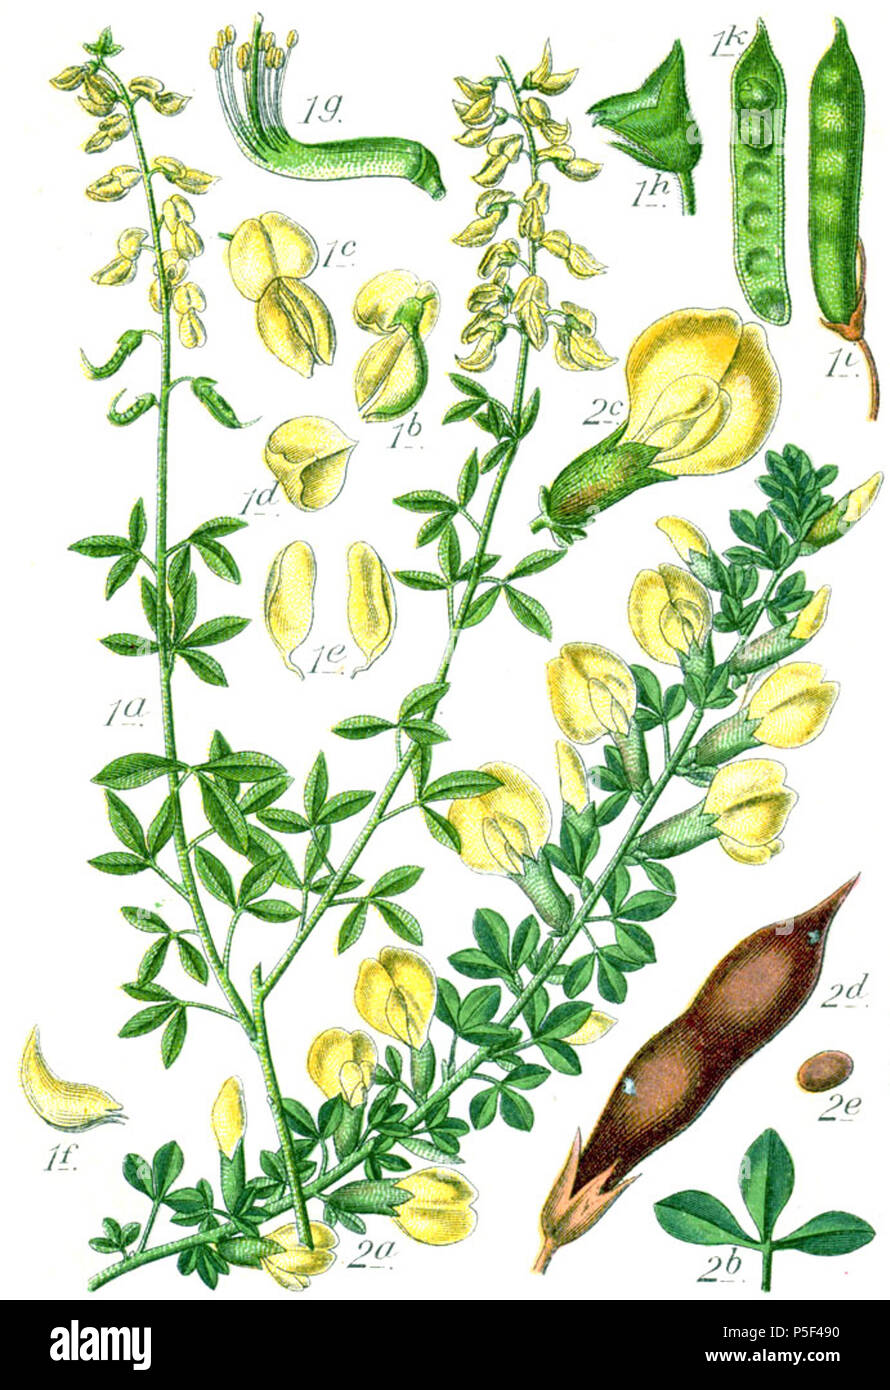 N/A. 1. Cytisus nigricans L. 2. FloraWeb.de: Regensburger Geißklee, Chamaecytisus ratisbonensis (Schaeff.) Rothm. Unresolved names: Genista nigricans (L.) E.H.L.Krause, Genista ratisbonensis (Schaeff.) E.H.L.Krause Original Caption 1. Schwarzer Geissklee, Genista nigricans 2. Regensburger Geissklee, G. ratisbonensis . 1796. Johann Georg Sturm (Painter: Jacob Sturm) 544 Faboideae spp Sturm26 Stock Photo
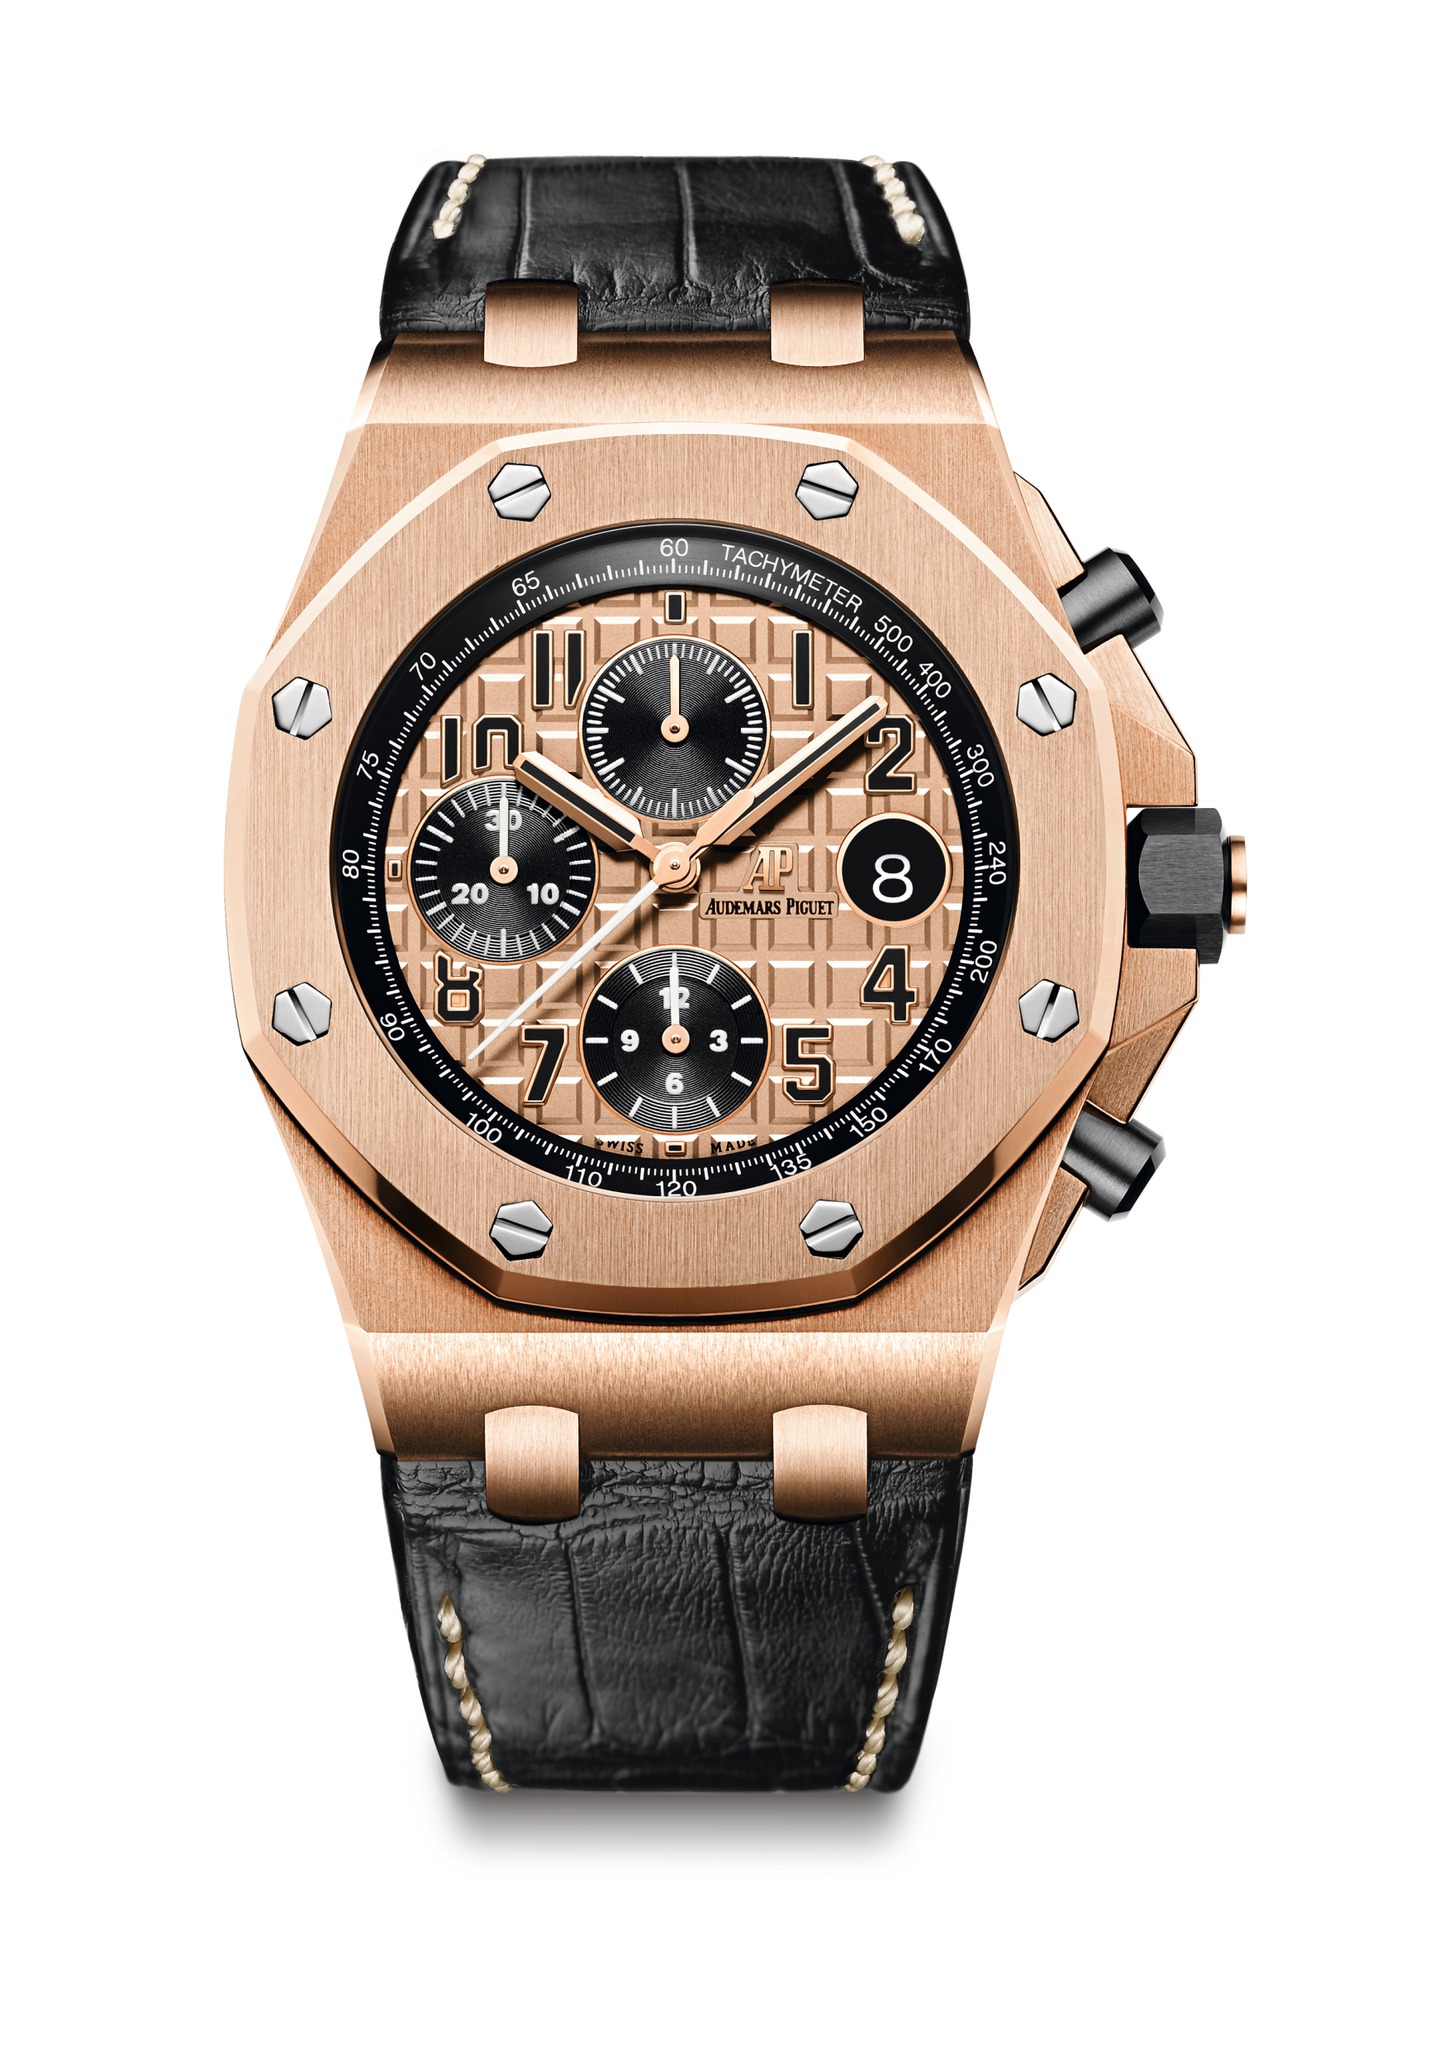 Audemars Piguet New Royal Oak Offshore Chronograph Pink Gold watch REF: 26470OR.OO.A002CR.01
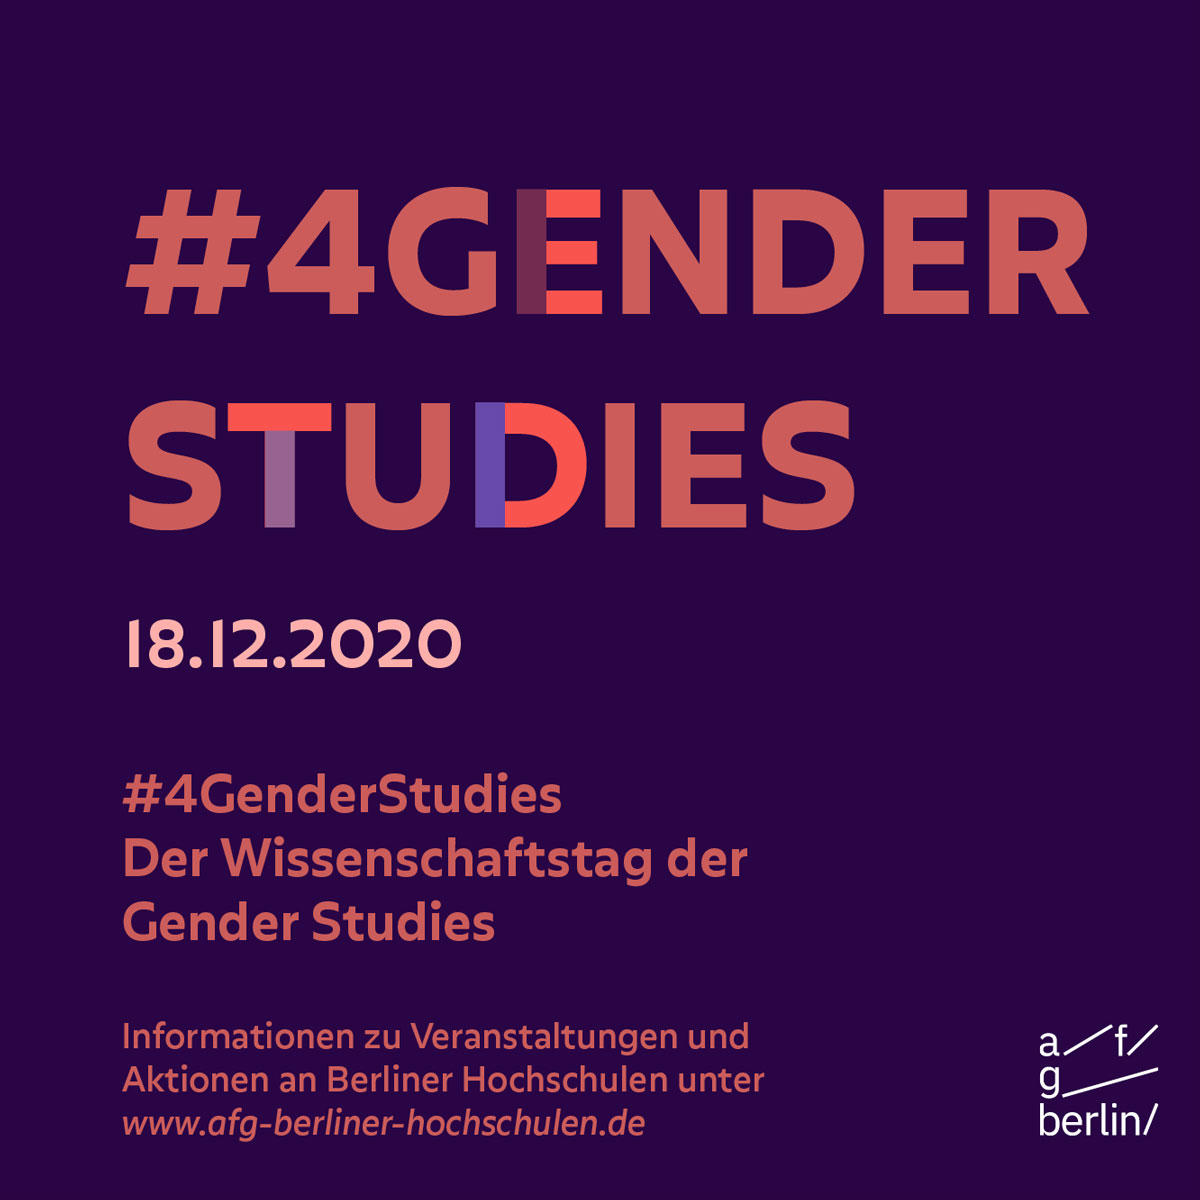 #4GenderStudies, 18.12.2020
§
■ About this task
The material shown above is to be repeated verbatim, and its pictures are to be omitted.

■ Exercise response
 N/A. 1. Cytisus nigricans L. 2. FloraWeb.de: Regensburger Geißklee, Chamaecytisus ratisbonensis (Schaeff.) Rothm. Unresolved names: Genista nigricans (L.) E.H.L.Krause, Genista ratisbonensis (Schaeff.) E.H.L.Krause Original Caption 1. Schwarzer Geissklee, Genista nigricans 2. Regensburger Geissklee, G. ratisbonensis . 1796. Johann Georg Sturm (Painter: Jacob Sturm) 544 Faboideae spp Sturm26 Stock Photo
 Audemars Piguet New Royal Oak Offshore Chronograph Pink Gold watch REF: 26470OR.OO.A002CR.01
 #4GenderStudies, 18.12.2020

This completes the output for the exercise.